The concentration of 5-HT found to saturate the 5-HT response of posterior midgut in the present study (10⁻⁷ mol l⁻¹) is the same as that previously reported in hemolymph of larval A. aegypti (Clark and Bradley, 1997) and is sufficient to stimulate Malpighian tubule fluid and ion secretion rates (Clark and Bradley, 1996). It seems unlikely that a regulated mechanism would operate under normal conditions at its maximal rate, rather than at a rate near the midpoint of the concentration–response curve, since this would leave no scope for increases in rate. It is also intriguing that the 5-HT concentration–response curve of Malpighian tubules (Clark and Bradley, 1996) begins at the same low concentration yet is saturated at a 10-fold greater 5-HT concentration than is that of the posterior stomach. It should be noted, however, that the larvae used by Clark and Bradley (1996, 1997) were raised in 2 % sea water, while those used in the present study were raised in distilled water, and hemolymphal 5-HT concentrations increase in response to increases in ambient salinity (Clark and Bradley, 1997). In addition, the larvae used by Clark and Bradley (1996, 1997) and in the present study were of different strains. Whatever the causes of the differences in concentration-responsiveness of midgut and Malpighian tubules in these studies, the activation of midgut ion transport by concentrations of 5-HT known to circulate in the hemolymph (Clark and Bradley, 1997) and to stimulate Malpighian tubule ion and fluid secretion rates (Clark and Bradley, 1996, 1997) suggests that the actions of the midgut and the Malpighian tubules are coordinated by hemolymphal 5-HT in vivo. While the exact biological role of this coordination is unknown, it presumably involves regulation of some aspect of hemolymph composition. Since hemolymphal 5-HT concentrations increase with ambient salinity (Clark and Bradley, 1997), the integration of ion transport by the midgut and Malpighian tubules to regulate hemolymphal ionic composition is an obvious possibility.

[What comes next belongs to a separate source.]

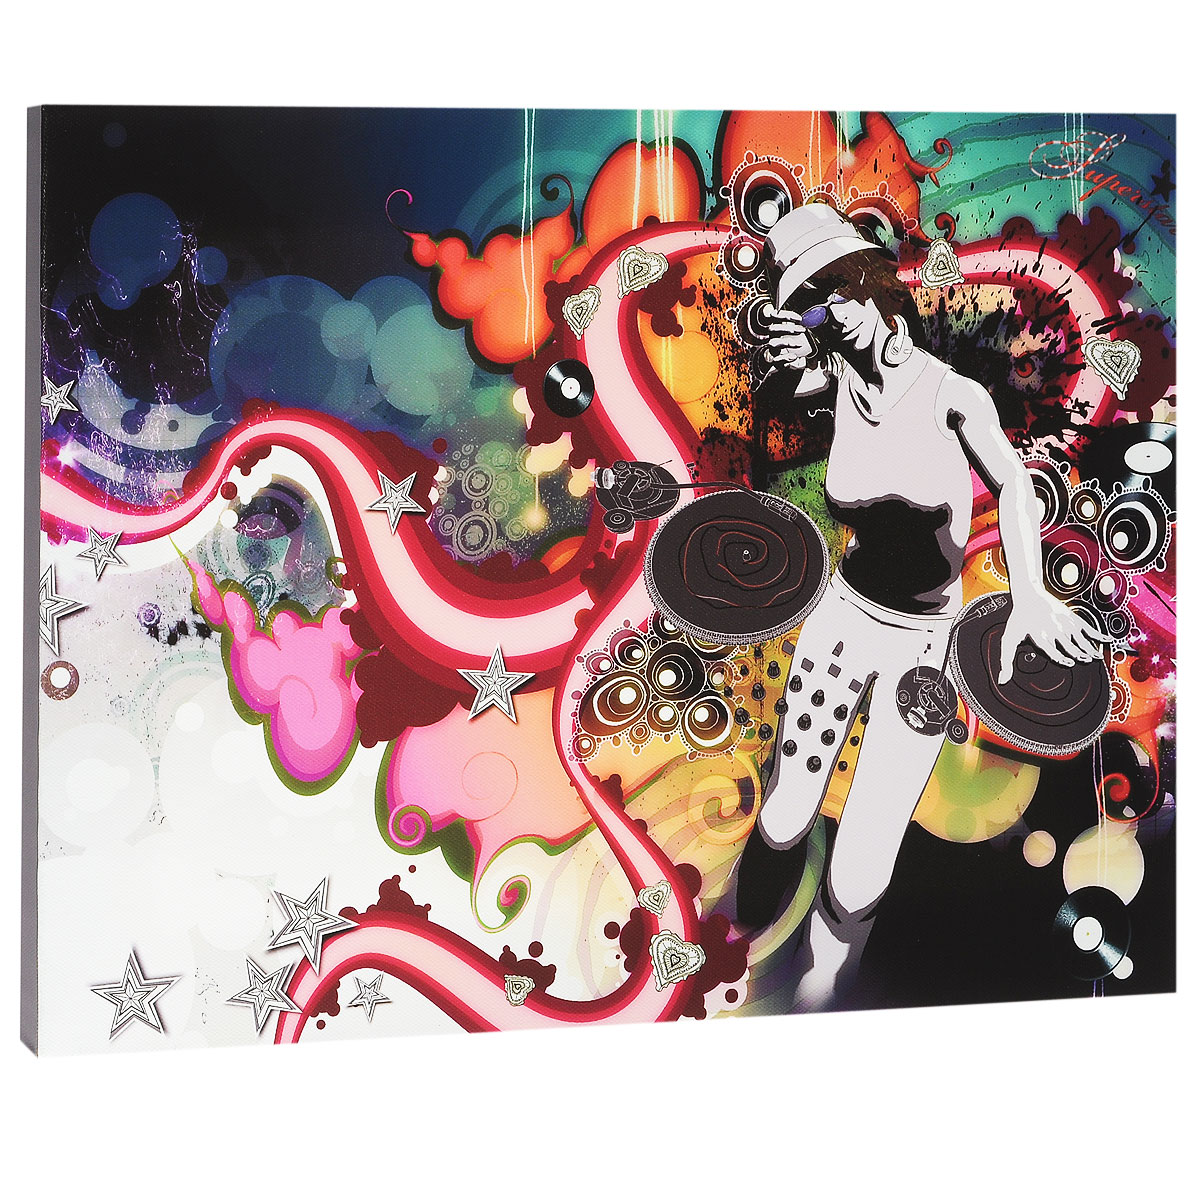 КвикДекор Картина на холсте  Диджей , 40 см х 30 см -  Детская комната

The anterior midgut of larval nematoceran Diptera (including mosquitoes) and larval Lepidoptera is characterized by a high luminal pH (Dadd, 1975; Dow, 1986). An analysis of the phylogenetic occurrence of larval midgut alkalization suggests that this trait may have arisen in the common ancestor of the mosquitoes and the Lepidoptera (T. M. Clark, unpublished observations). In any case, the shared trait of midgut alkalization and the phylogenetic closeness of mosquitoes and Lepidoptera suggest that ion transport in the anterior stomach of the mosquito may resemble that in the intensively studied midgut of larval Lepidoptera (for reviews, see Klein et al., 1996; Dow, 1986). This is clearly not the case for the primary motive force of these epithelia, as the lumen-negative TEP of A. aegypti anterior stomach must be generated by fundamentally different mechanisms from those that generate the lumen-positive TEP of the lepidopteran midgut.

This research was supported by NRICGP grant 97-35302-4919 to T.M.C. The authors would like to express their thanks to Donald Fisher and Cora E. Cash-Clark for help with digital images, and to Mark Klowden and Gail DeSantis for eggs.